Comino, a small sun drenched island nestled between Malta and Gozo, has long captivated the imagination of travelers with its crystal-clear waters and pristine shoreline. Its Blue Lagoon, famous for its dazzling shades of turquoise and shimmering light bouncing off a limestone seabed, has become one of the most photographed spots in the Mediterranean. But while social media has painted it as a must-see paradise, the reality on the ground tells a more complex and troubling story. Once a tranquil retreat, Comino has in recent years become a symbol of overtourism’s destructive reach a place where natural beauty is threatened by its own popularity.
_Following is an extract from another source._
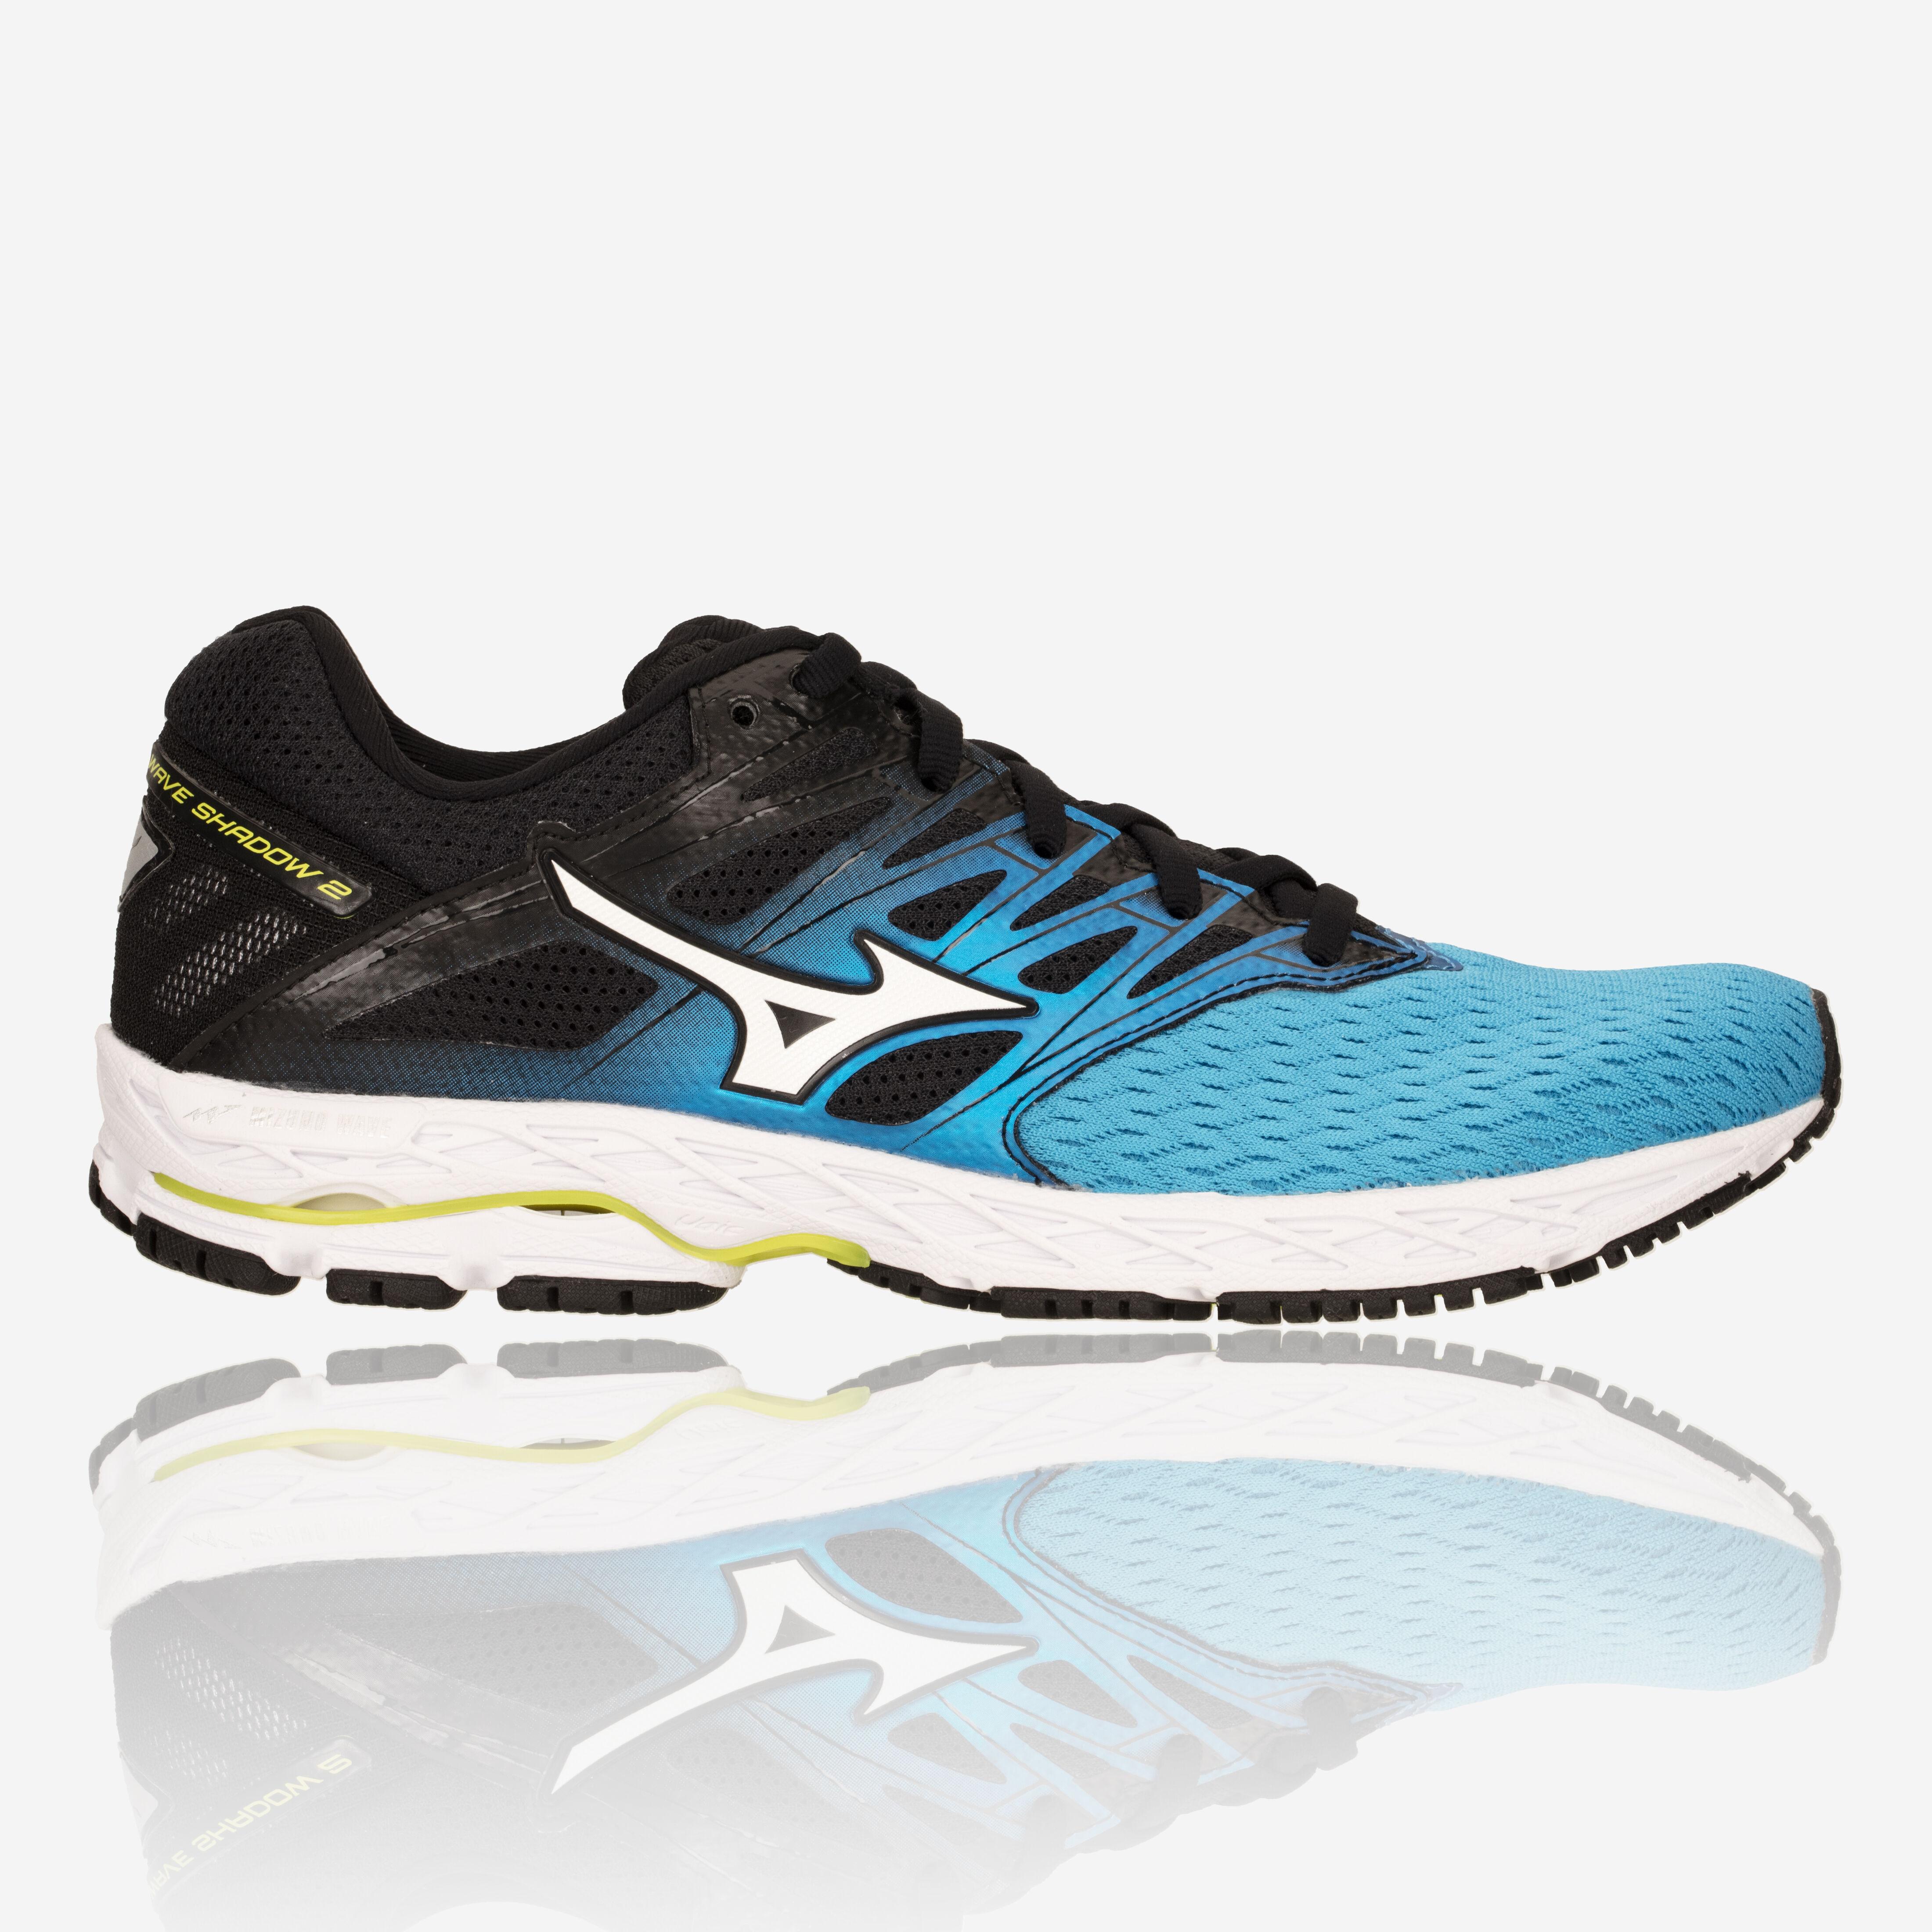 76f1d614d404 Mizuno Wave Shadow 2 shoes 2019 RUNKD online running store

Colin Backhouse, a local tourism expert, has been vocal about the island’s transformation. From his vantage point at a cafe in Marfa Bay, he can see Comino in the distance, a seemingly untouched gem from afar. Yet, he’s witnessed first-hand the drastic change over the decades. What was once a peaceful escape in the 1980s has become, in his words, “hell on Earth” during peak season. Each summer, thousands of tourists pour onto the island daily, often arriving via crowded boats, drawn by the promise of idyllic landscapes and postcard-worthy photos. The surge in visitors has led to overwhelming crowds, pollution, and environmental degradation that threatens to permanently alter Comino’s fragile ecosystem.
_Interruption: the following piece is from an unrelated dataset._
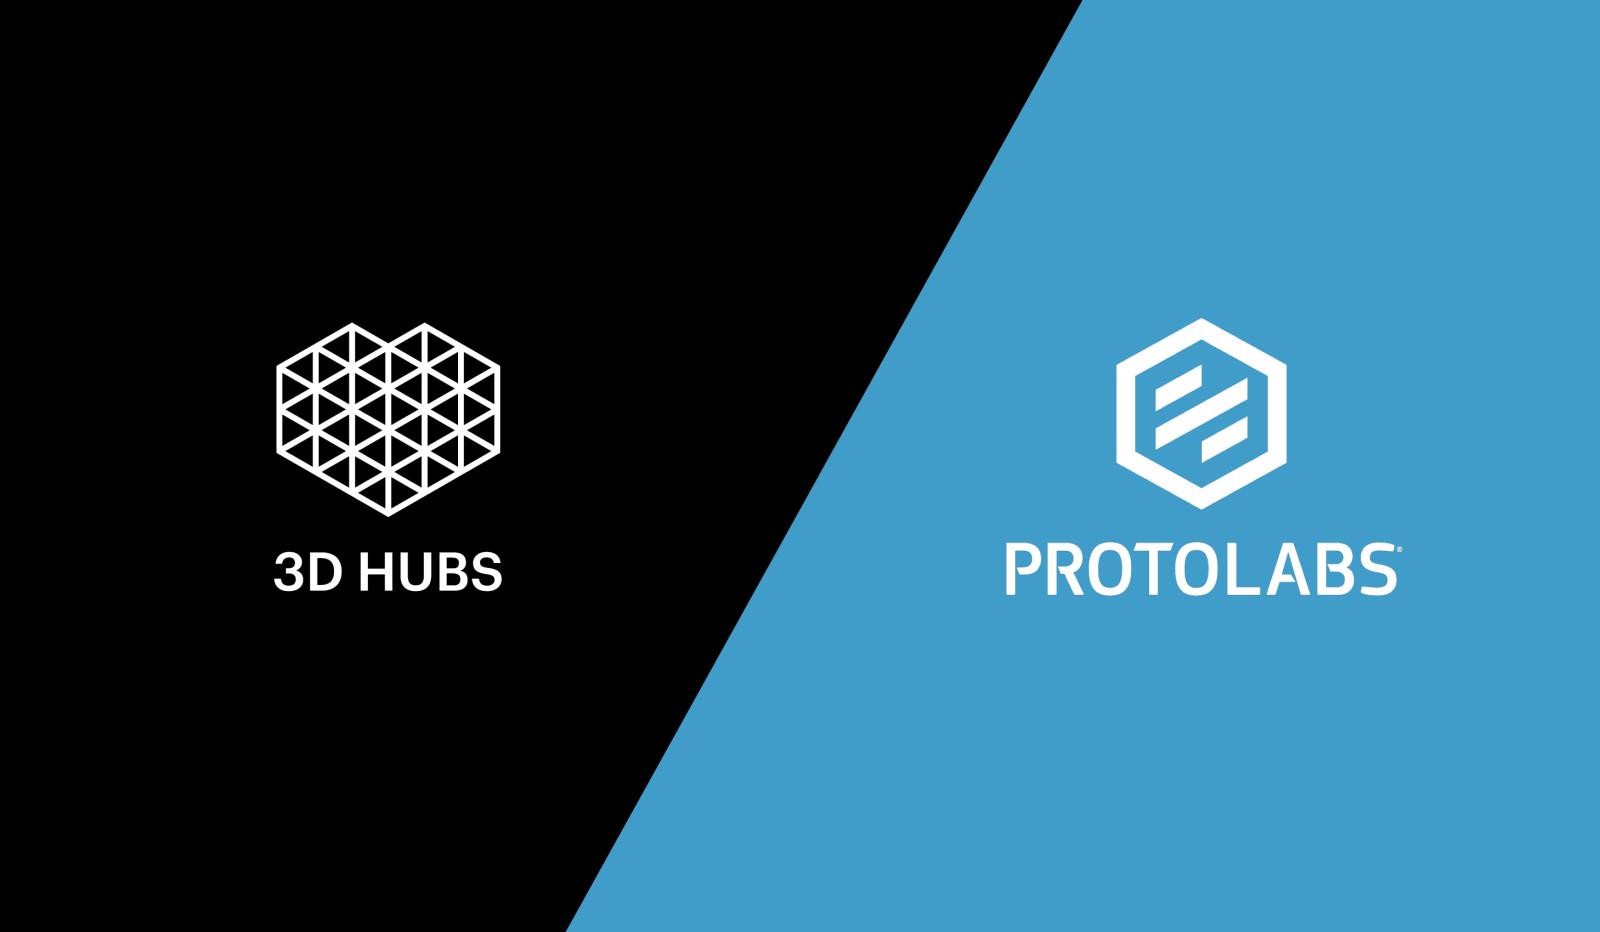 Protolabs 3DHubs
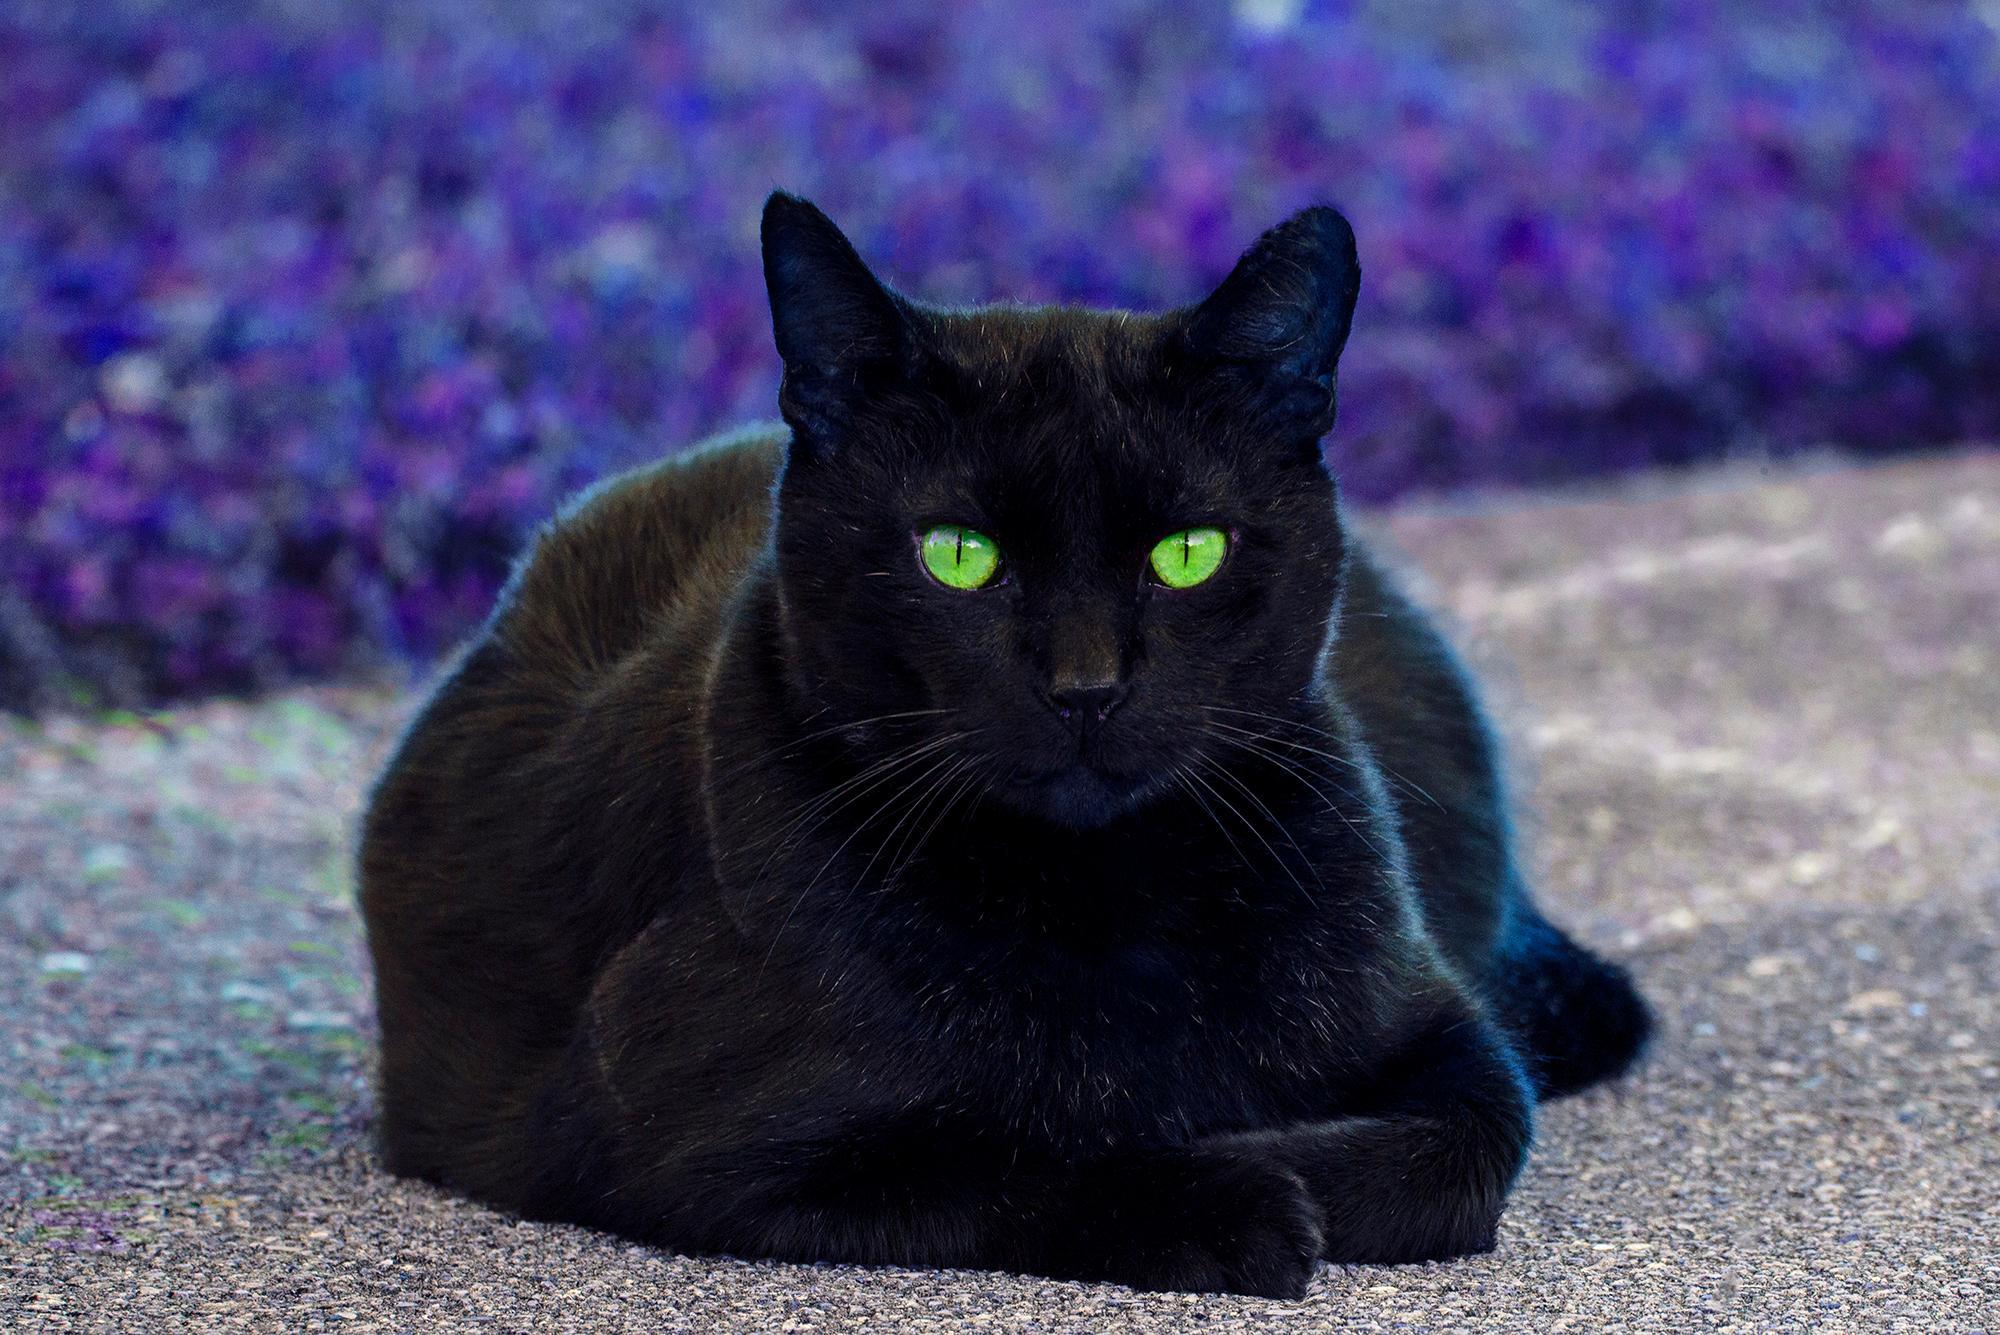 Black Cat. Green Eyes

The situation has sparked frustration among both locals and tourists. Complaints have grown louder about the crowded conditions, lack of amenities, and commercialization of public spaces, with some visitors branding their trips as disappointing or even exploitative. In 2022, a grassroots movement called Movimenti Graffiti took direct action, removing sunbeds and deckchairs from the island to protest the privatization of natural spaces for profit. Their goal was to reclaim Comino for the public and to protect its environment from further damage.
While Comino has long been a scenic backdrop in blockbuster films like Troy and The Count of Monte Cristo, its true fame skyrocketed in the age of Instagram. The island’s photogenic quality has led to a boom in visitors chasing the perfect shot, often at the expense of the very serenity they came to experience. This explosion of attention has placed the island at a crossroads, forcing both policymakers and conservationists to rethink how to manage its popularity sustainably.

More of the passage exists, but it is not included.